** What is expected **
Every line of the material below needs to be copied exactly; omit the pictures.

** Information supplied **
▽

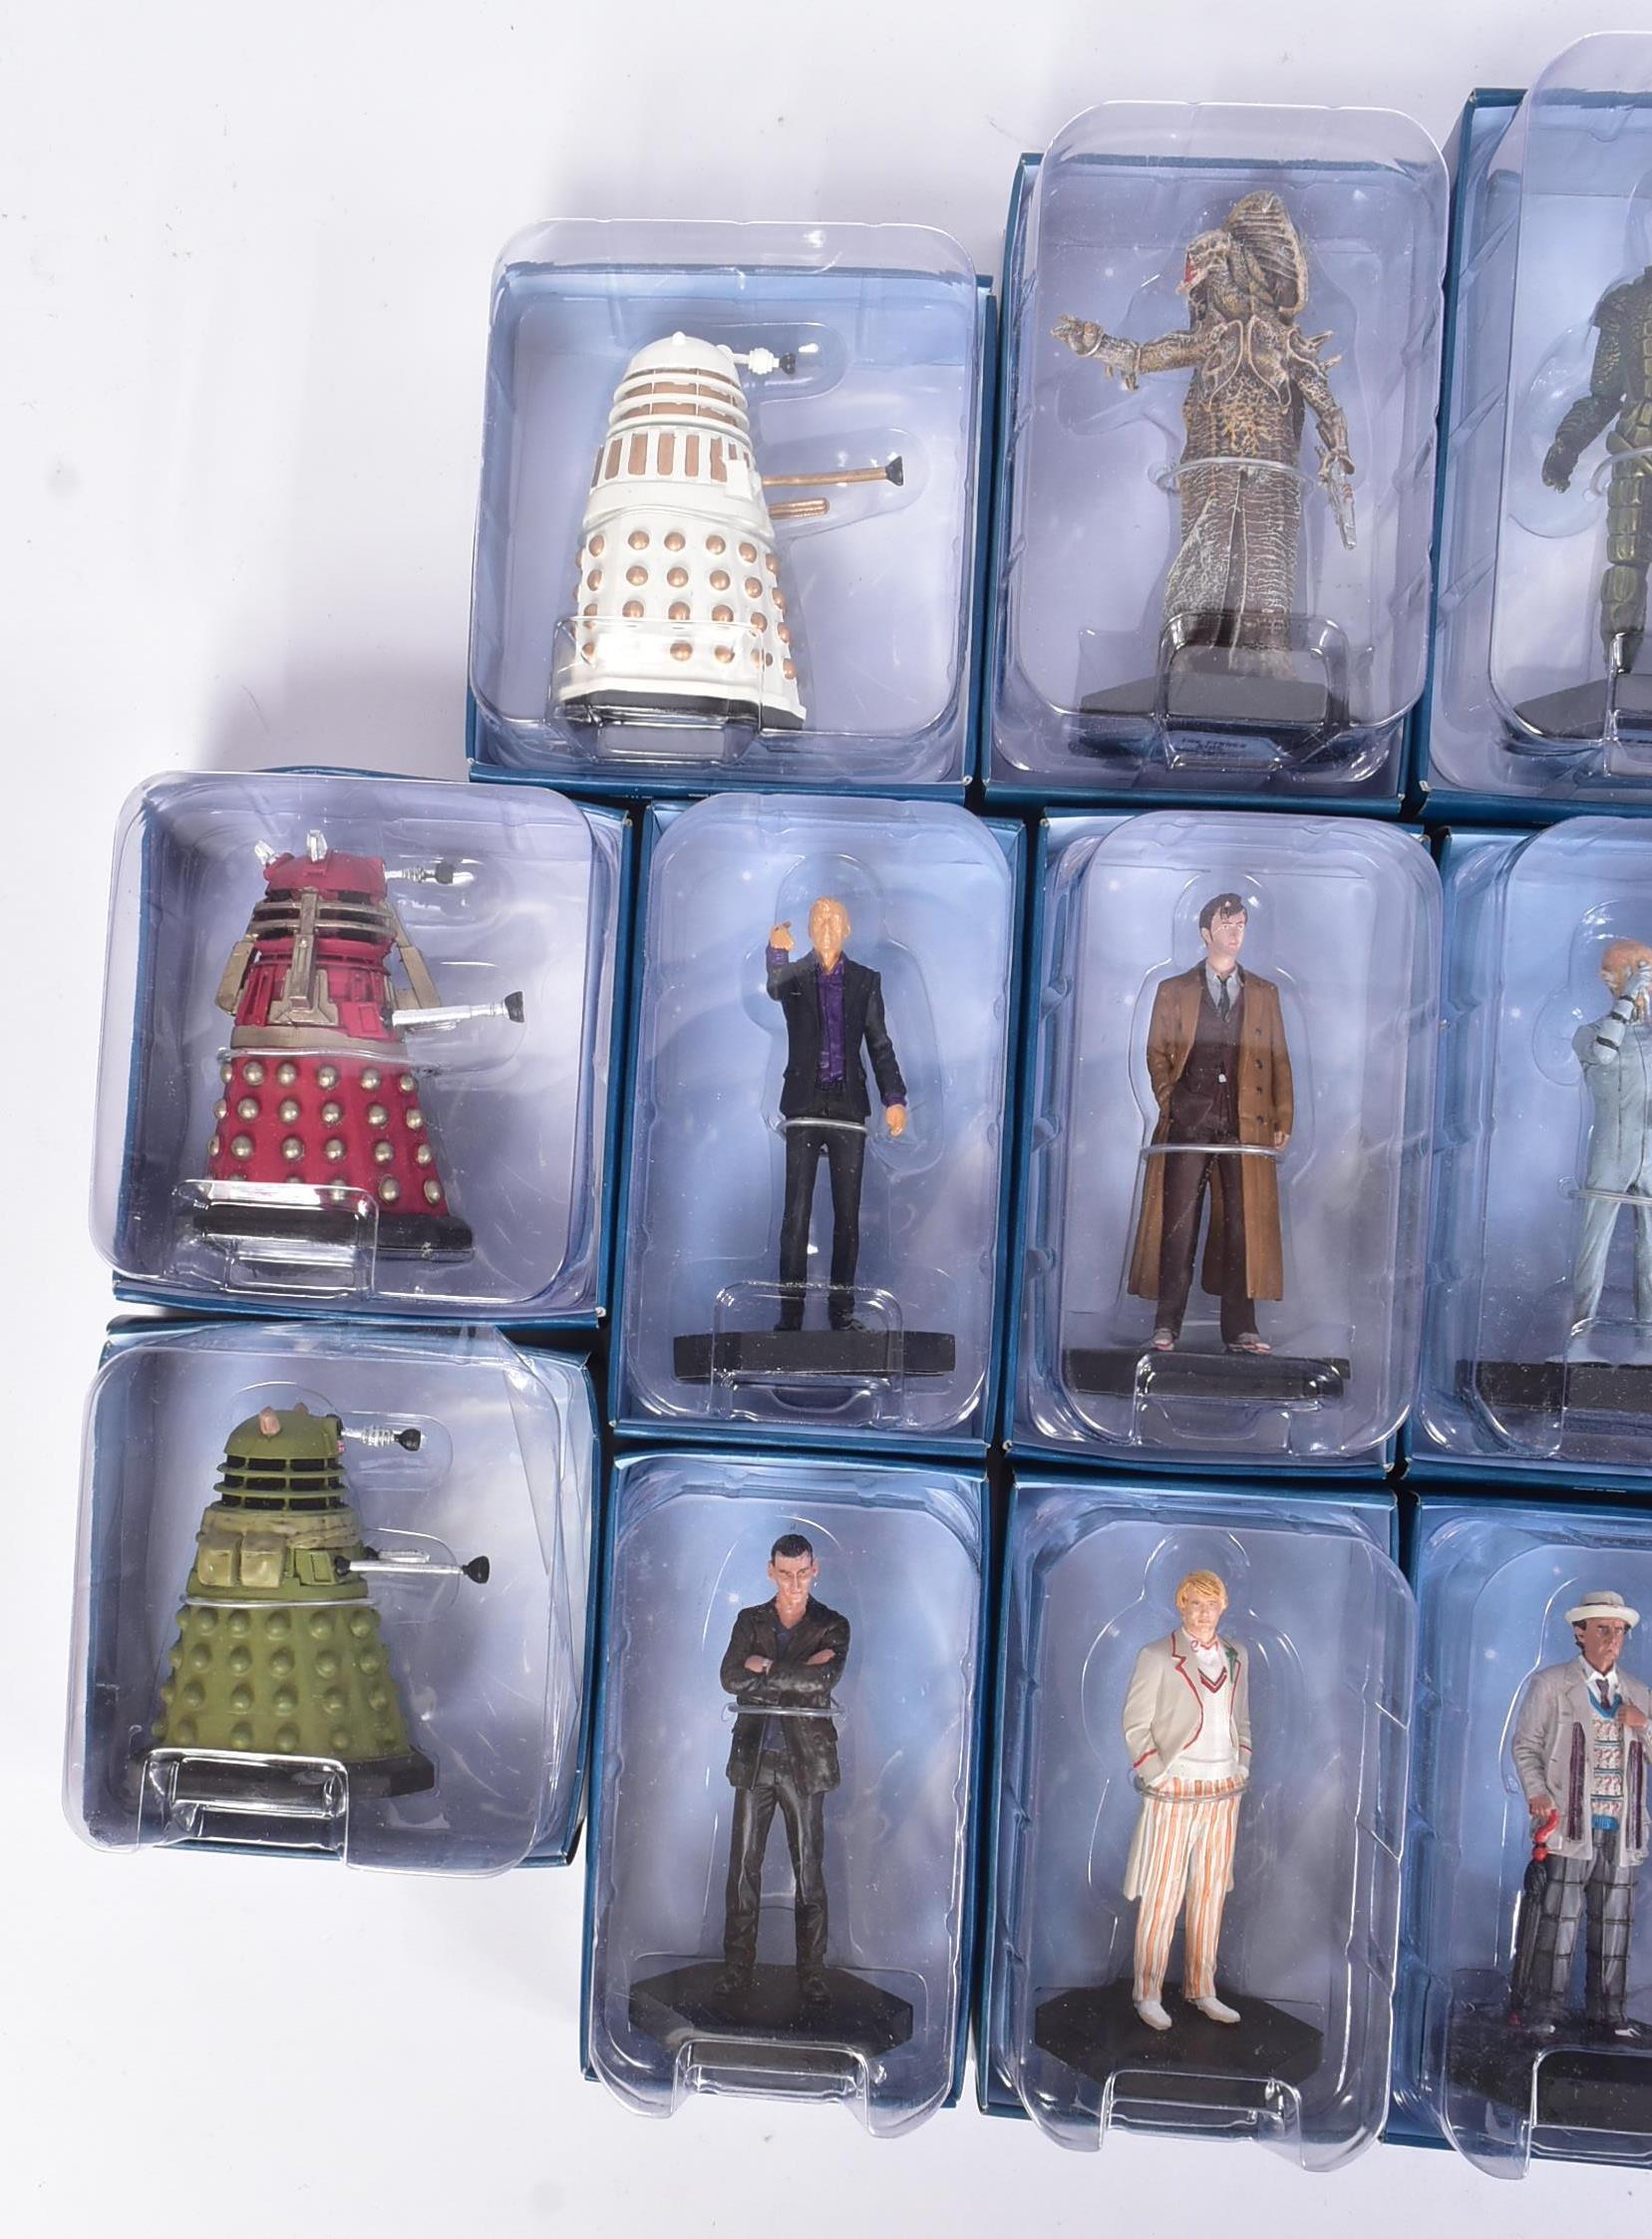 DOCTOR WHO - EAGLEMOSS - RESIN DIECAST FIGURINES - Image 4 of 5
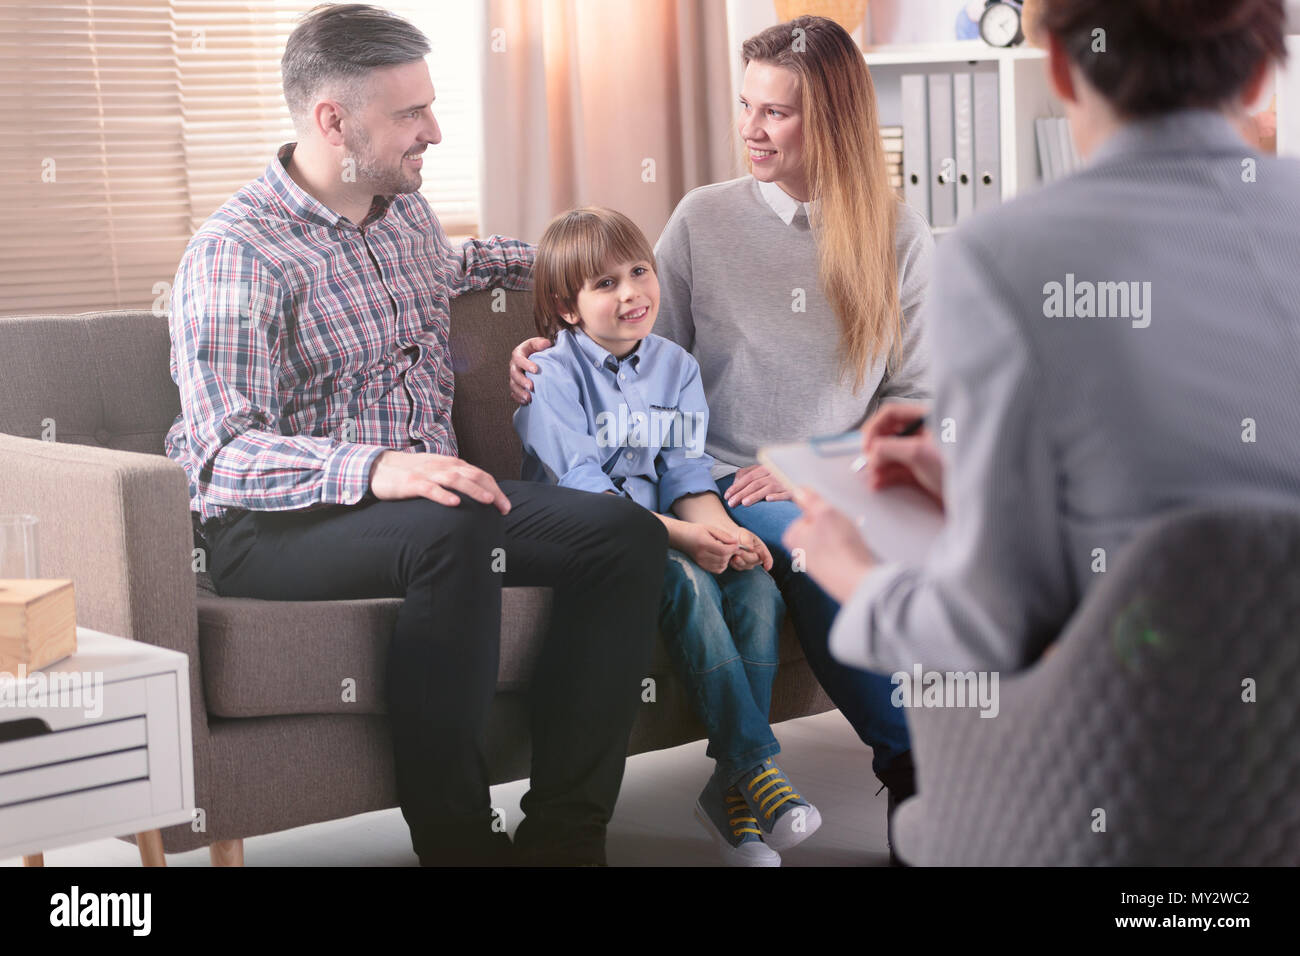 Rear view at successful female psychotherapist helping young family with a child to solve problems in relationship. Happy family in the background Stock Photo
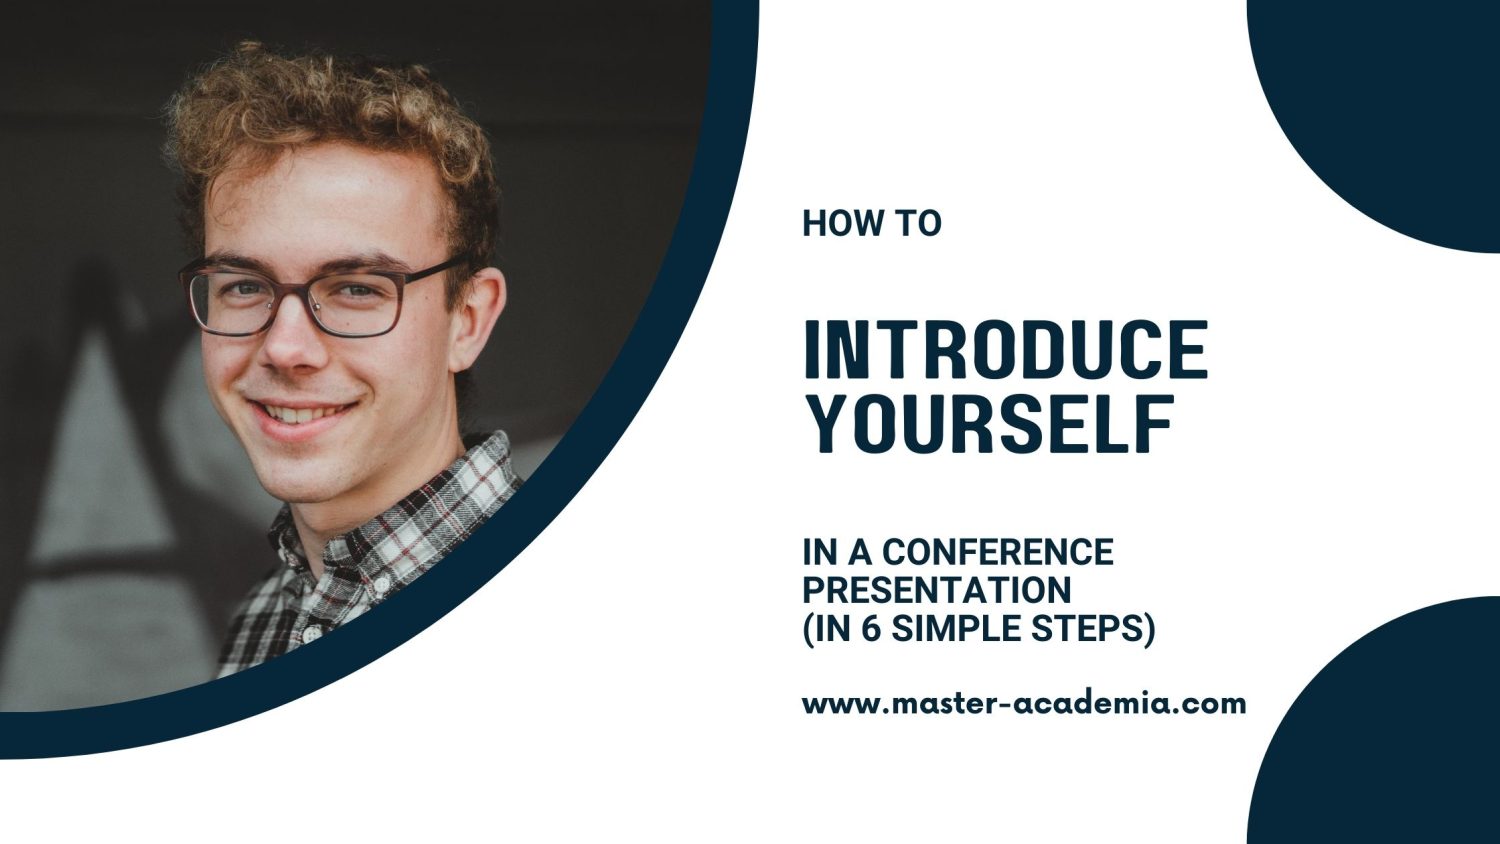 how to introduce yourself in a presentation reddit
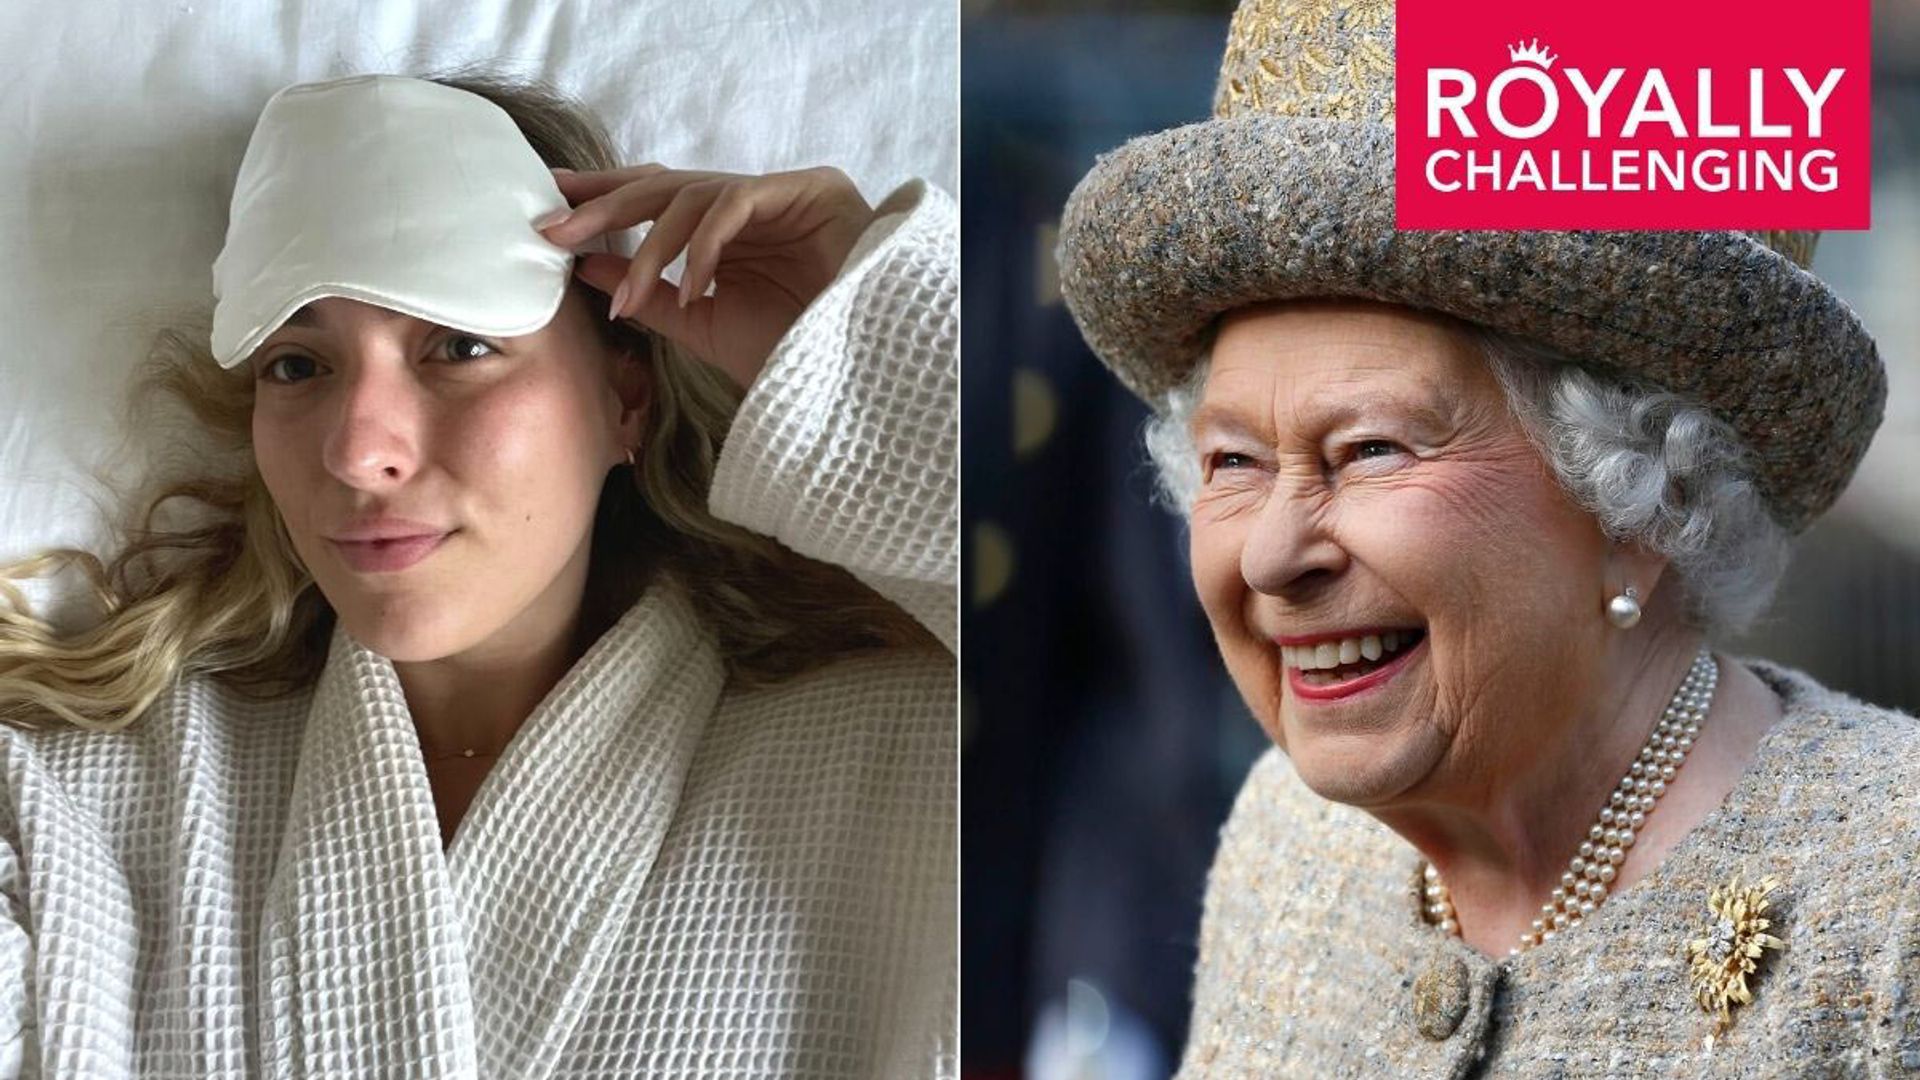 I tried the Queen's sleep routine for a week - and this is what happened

△

** Answer area **
 DOCTOR WHO - EAGLEMOSS - RESIN DIECAST FIGURINES - Image 4 of 5
 Rear view at successful female psychotherapist helping young family with a child to solve problems in relationship. Happy family in the background Stock Photo
 how to introduce yourself in a presentation reddit
 I tried the Queen's sleep routine for a week - and this is what happened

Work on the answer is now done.